> **What to do**
A faithful copy of all the data is required; pictures should not be included.

> **Data excerpt**
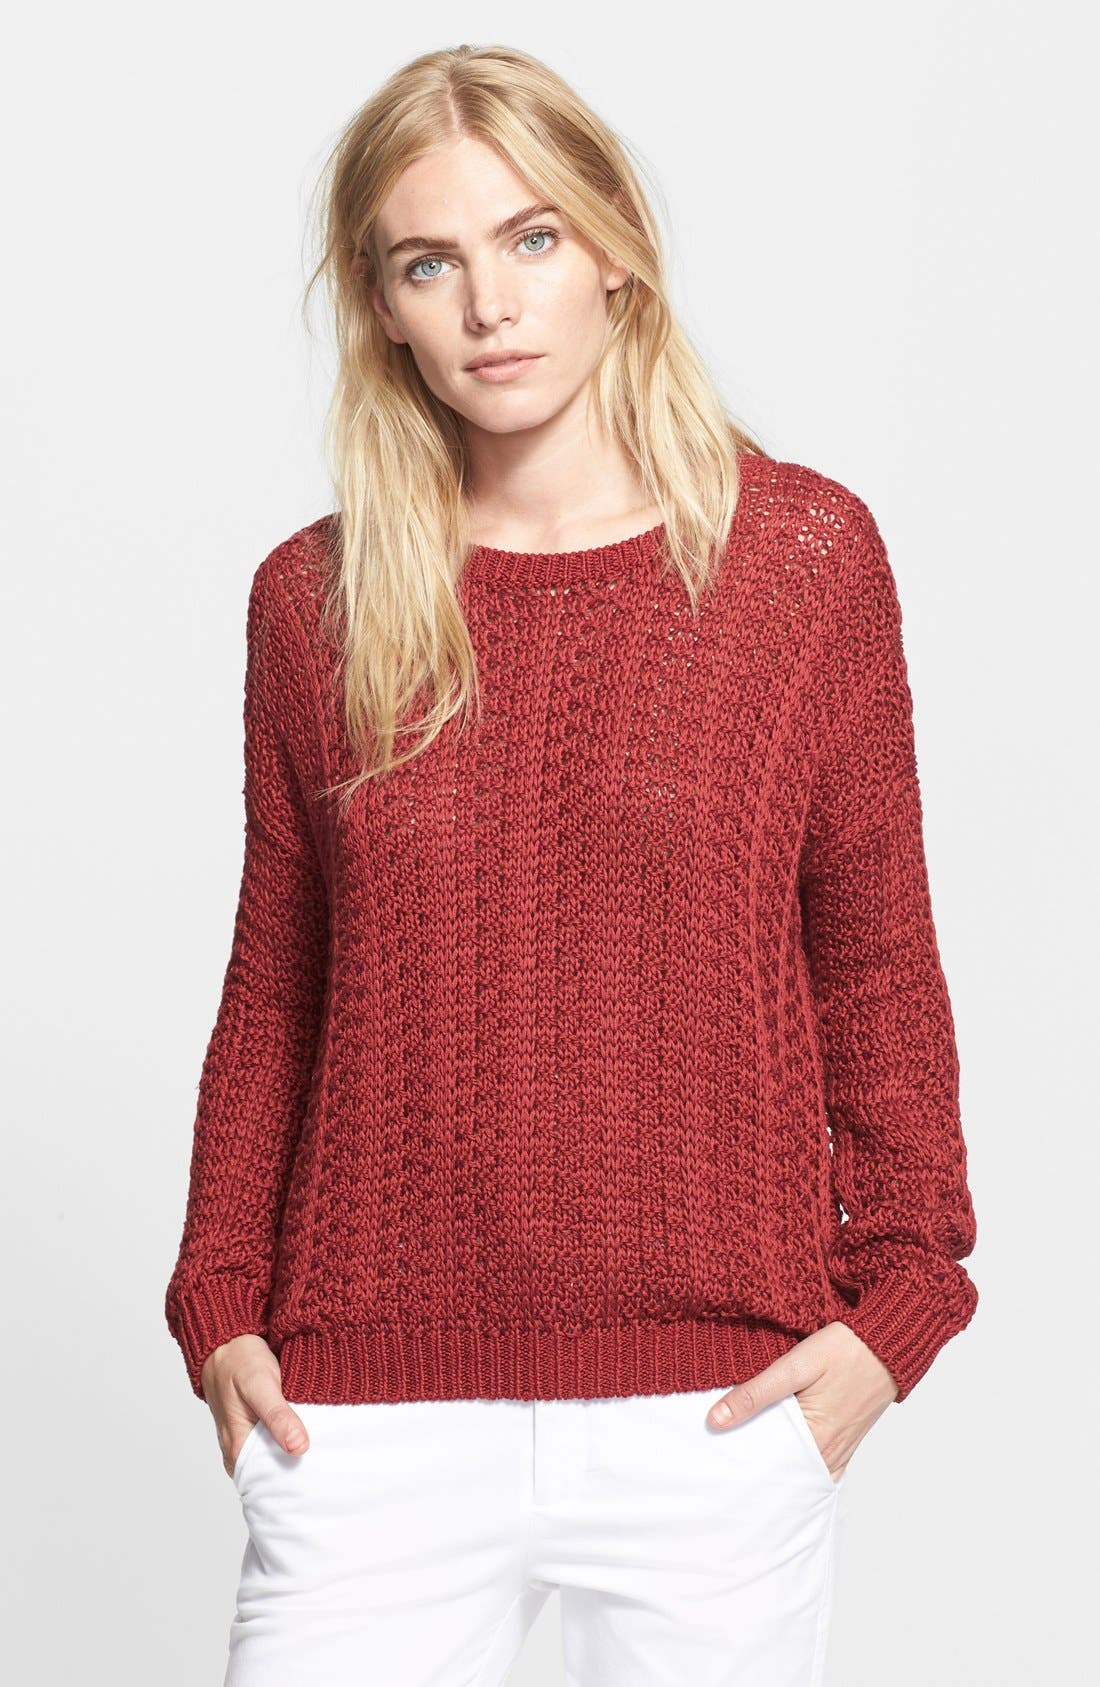 Alternate Image 1 Selected - Vince Mercerized Textured Sweater
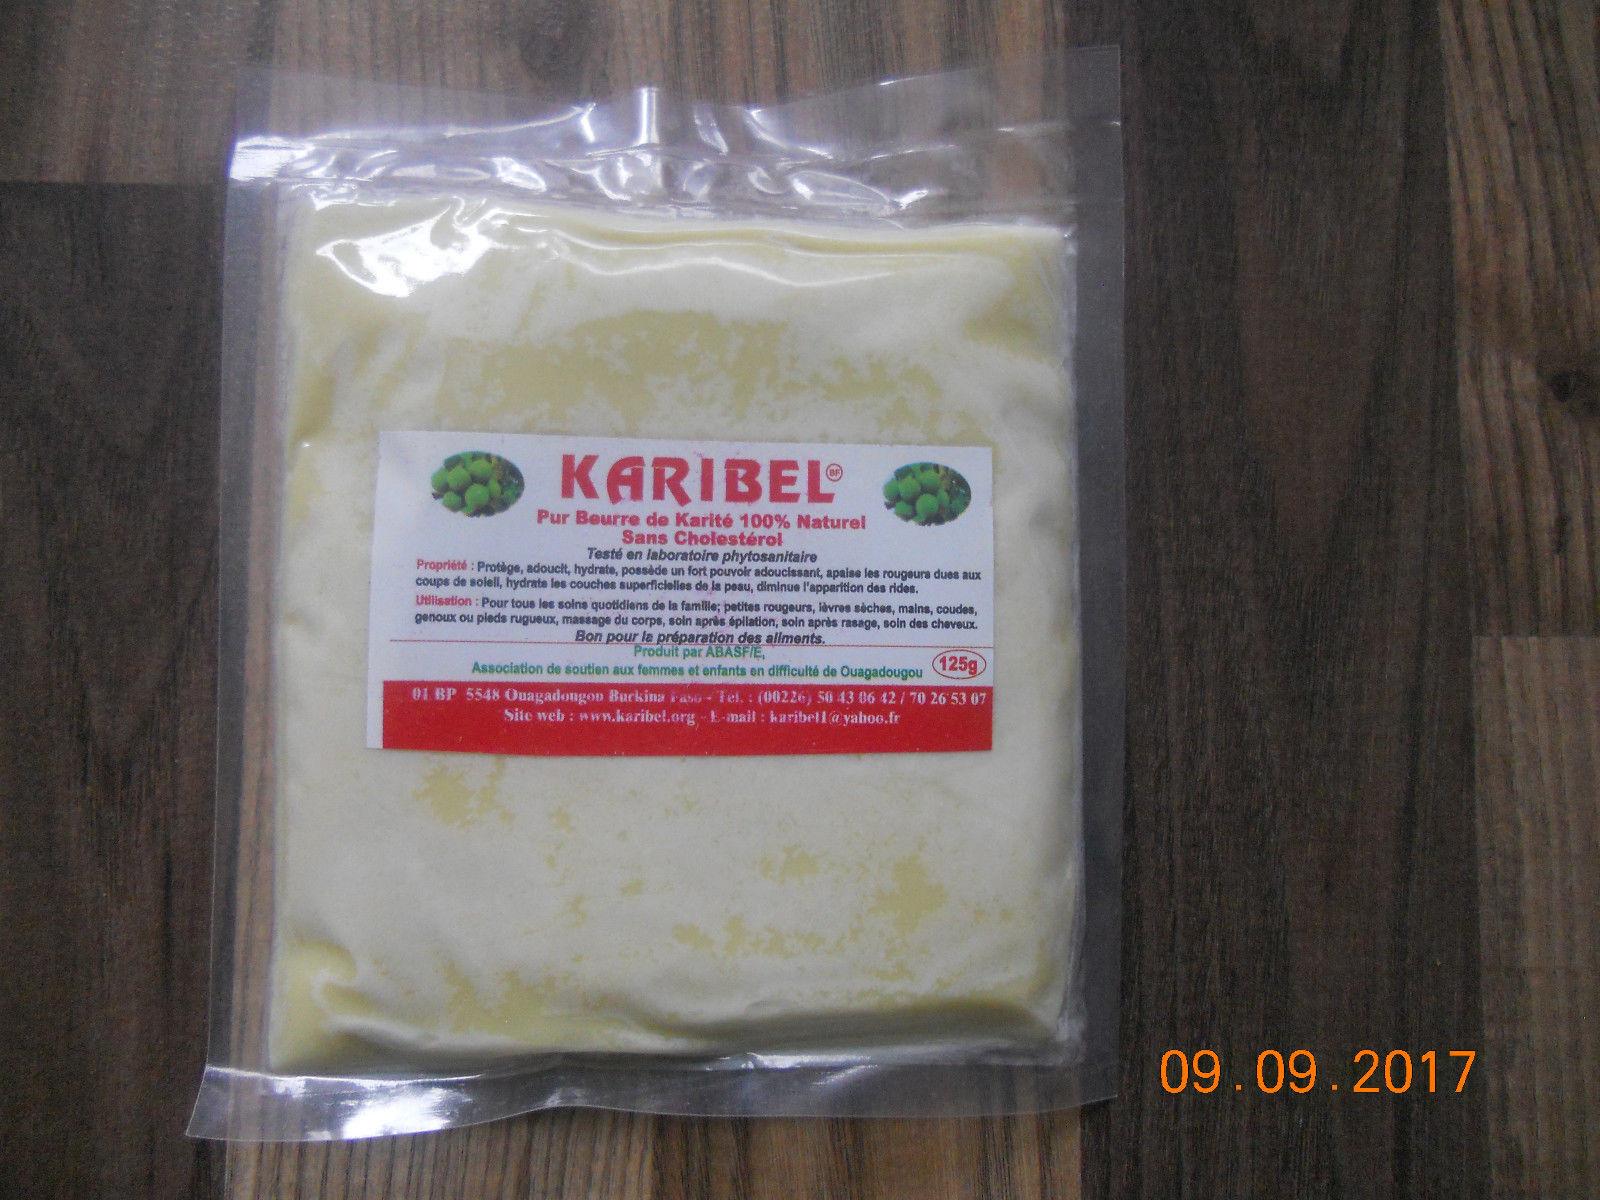 125g Sheabutter, beurre de karité 100% natürlich aus Burkina Faso. Unbehandelt !
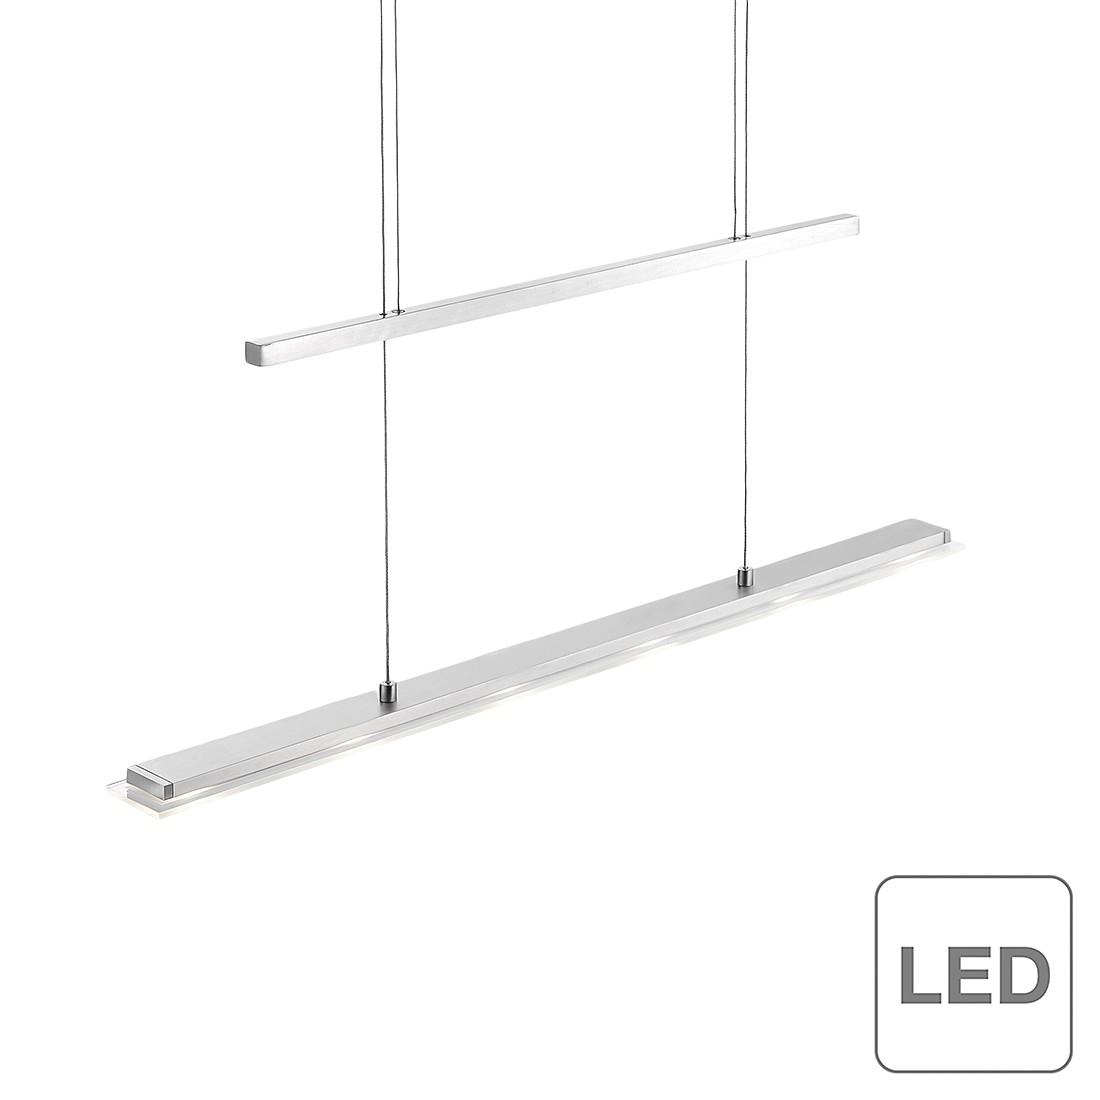 EEK A+, LED-Pendelleuchte Rack 2.0 - Metall/Glas - Silber, Paul Neuhaus

> **Answer for this exercise**
 Alternate Image 1 Selected - Vince Mercerized Textured Sweater
 125g Sheabutter, beurre de karité 100% natürlich aus Burkina Faso. Unbehandelt !
 EEK A+, LED-Pendelleuchte Rack 2.0 - Metall/Glas - Silber, Paul Neuhaus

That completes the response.